The reason we also put them in the journal is that spans are lossy by design. OTel pipelines sample, drop late-arriving data, and use storage backends tuned for traces, not aggregates. If a billing reconciliation comes back asking why yesterday’s number is $14.23 off, sampling is not an acceptable answer.

The journal is not sampled. Every step’s numbers are in there. The OTel side is for latency and flow debugging; the journal side is for accounting. Both exist because they serve different questions.

Attribution to what

The step-level numbers are the atom. From there, we roll up to:

Run. Sum across a run’s steps. Visible on the run detail page.
Project. Sum across a project’s runs. The default billing boundary.
Tenant. Sum across a tenant’s projects. The account-level boundary.
Model. Sum across calls to a given model string. Useful for comparing GPT-4o cost against Claude Sonnet cost on the same workload.
Step name. Sum across all invocations of summarize_each, everywhere. Useful when a shared subroutine is secretly expensive.

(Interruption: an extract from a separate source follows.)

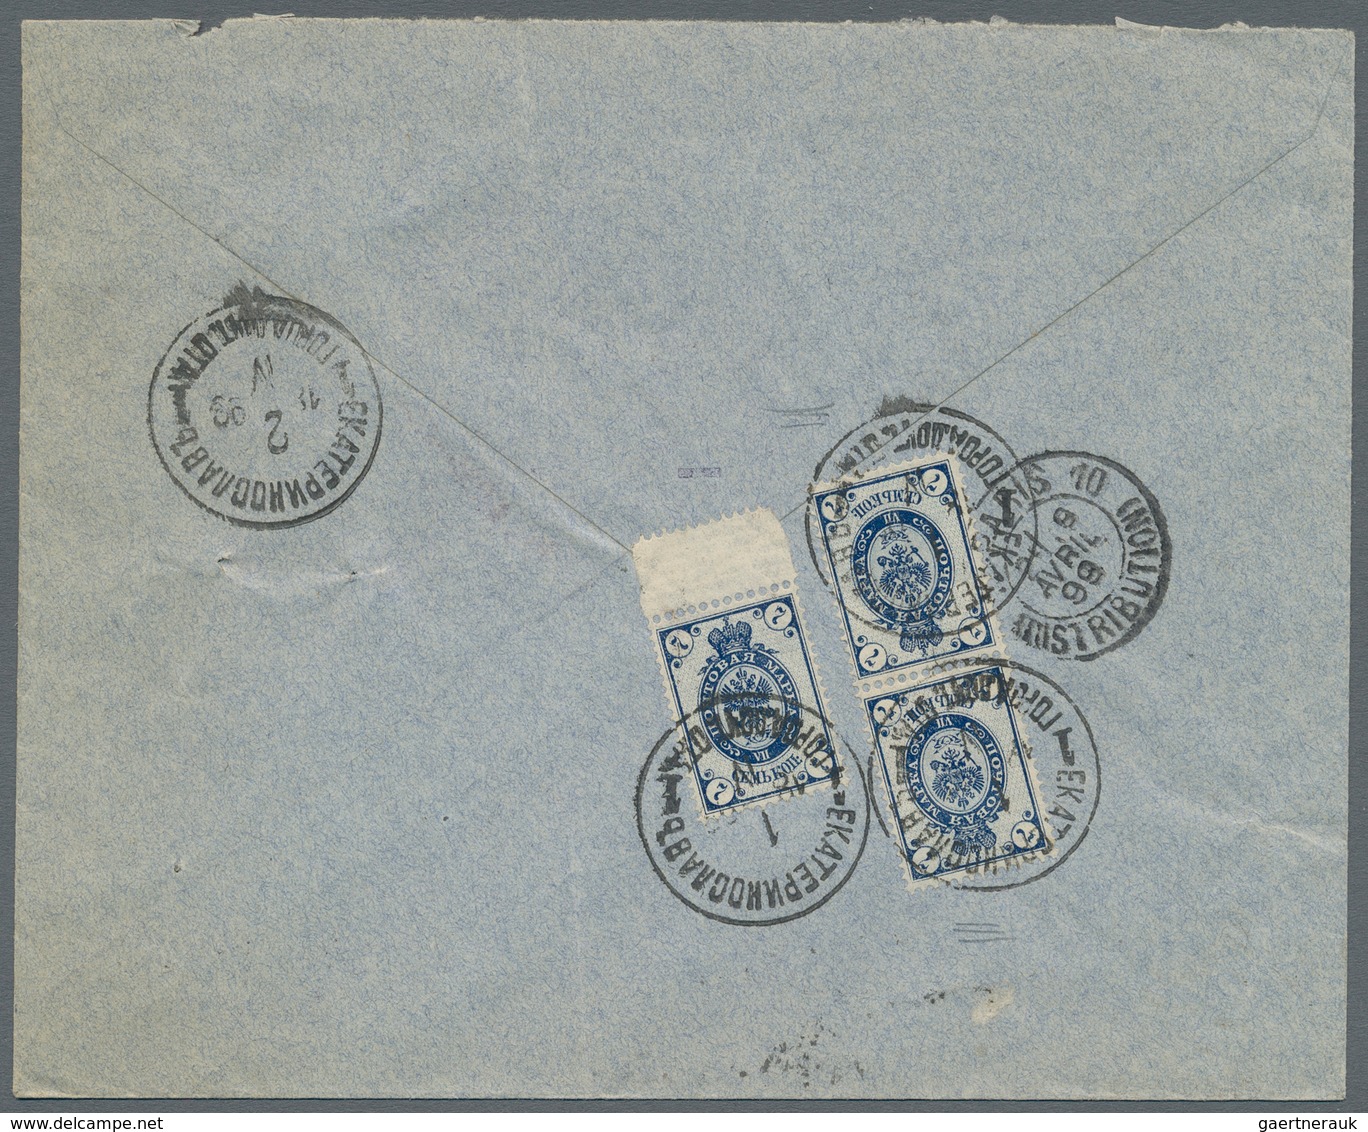 Russland: 1896/1914 four items are sent from PO's of different factories, one cover sent by register

The S3 Parquet layout partitions by tenant and day, which makes tenant-scoped queries fast. Cross-tenant queries — “which tenant is driving the spike this hour” — are slower because they fan out across prefixes, but we accept that because the alternative is leaking one tenant’s data into another’s query plan.

Why this matters

You cannot improve what you cannot measure, and you cannot measure LLM spend per unit of business logic unless the observability boundary matches the execution boundary. AGNT5 steps are both. Every step is a journal entry, every journal entry has cost columns, every cost column is queryable. The trace from “a user clicked refresh on their dashboard” to “we spent thirty cents” is one query away.

This is not the glamorous part of a durable execution platform. It is the part that lets someone justify the platform in a budget meeting.